Mobile homes in a flooded neighborhood in Bonita Springs, Florida, on Sept. 12, 2017. Photographer: Daniel Acker/Bloomberg
Ten million Americans will be "substantially affected" by climate change by 2075, causing government disaster spending to jump, the Congressional Budget Office projected Thursday. But, instead of trying to cut carbon emissions, the federal government could make coastal residents bear more of the financial risks for living there, the office said...
(JobOne's Editors note: These numbers and dates are totally skewed. 326 million Americans are affected and effected RIGHT NOW by Climate change/Global warming. PERIOD!)

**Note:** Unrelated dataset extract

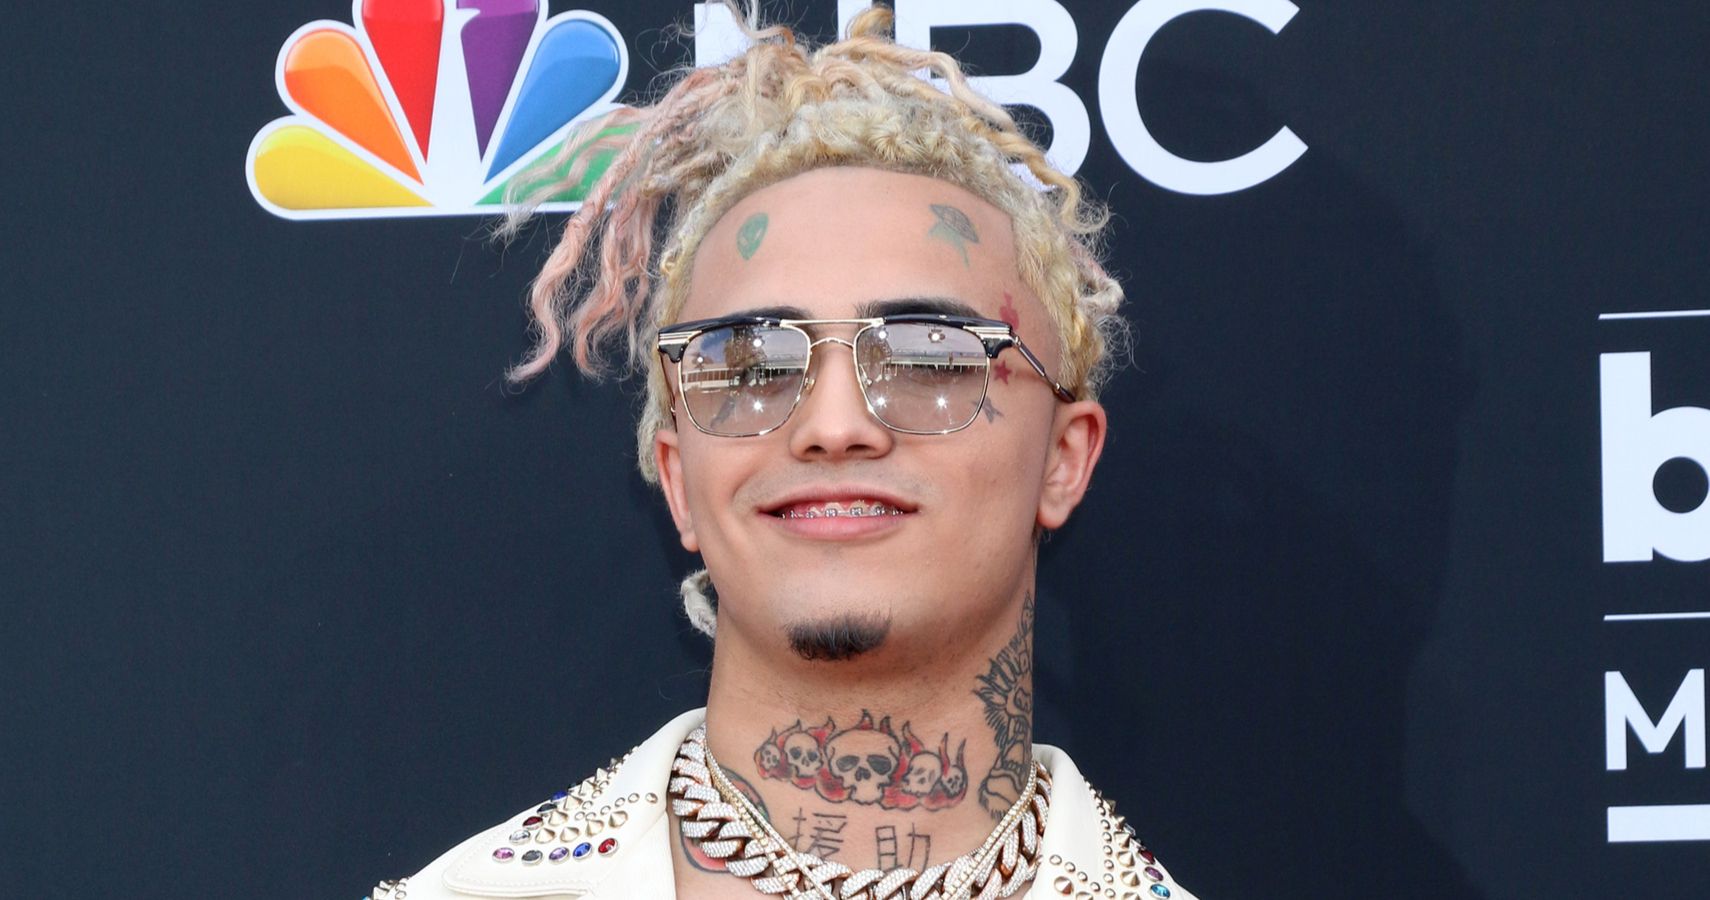 'Gucci Gang' Rapper Lil Pump Slapped With A Tax Lien After Failing To Pay $1.6 Million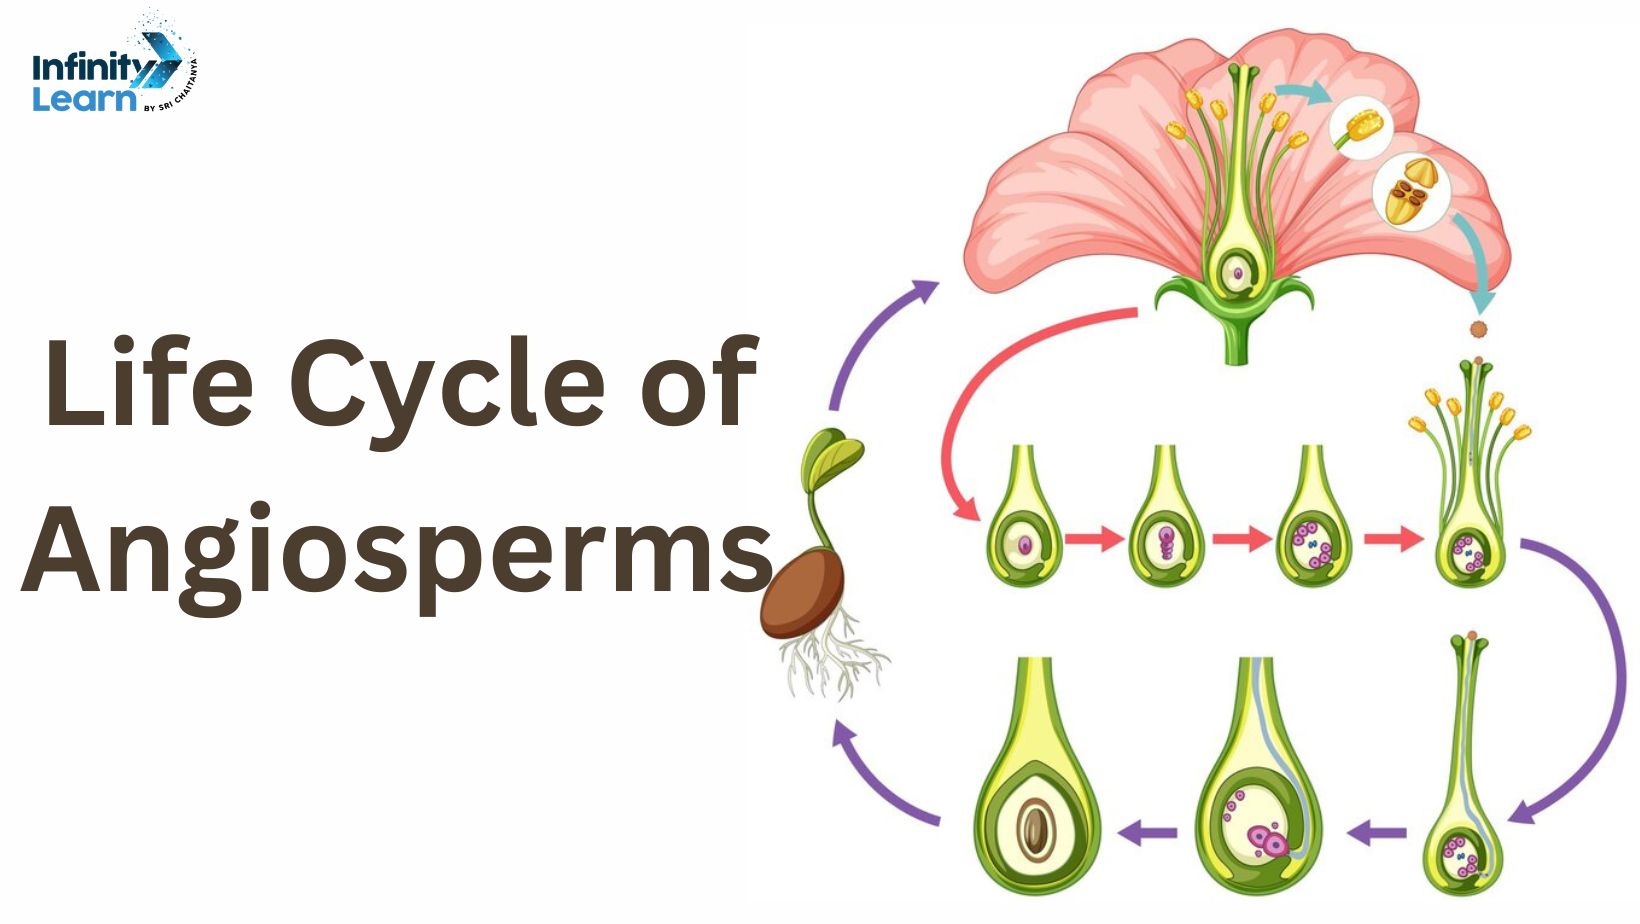 Life Cycle of Angiosperms

The five-fold increase in people affected will result from rising seas, more intense hurricanes and more development along the coast, the budget office said. It predicted that federal disaster spending will grow to $39 billion annually in current dollars, from $28 billion now.
But trying to curb emissions might not have much impact over that time period.
"A coordinated global effort could lessen hurricane damage between now and 2075, but the result would be uncertain," the independent budget analysts wrote. "Sea level rise is relatively insensitive to changes in emissions in the next few decades."
Nor is greater federal spending on protective measures, such as sea walls or expanded beaches, necessarily a cost-effective solution. The report noted that while past mitigation projects have reduced disaster costs, it’s hard to know which types of projects will save money, or how much. Moreover, there’s a risk that such projects "would encourage development in vulnerable areas."
A more effective way to cut federal spending, according to the report, would be to push individuals and local officials to carry more of the cost of their decisions about where to build. It suggests higher flood insurance premiums and making it more difficult to get federal disaster assistance.
"To the extent that households, businesses, and state and local governments in coastal areas do not bear the full cost of hurricane damage, such growth is subsidized by U.S. taxpayers," the budget office wrote. "Shifting costs would increase incentives for private and public entities to take measures to limit expected damage."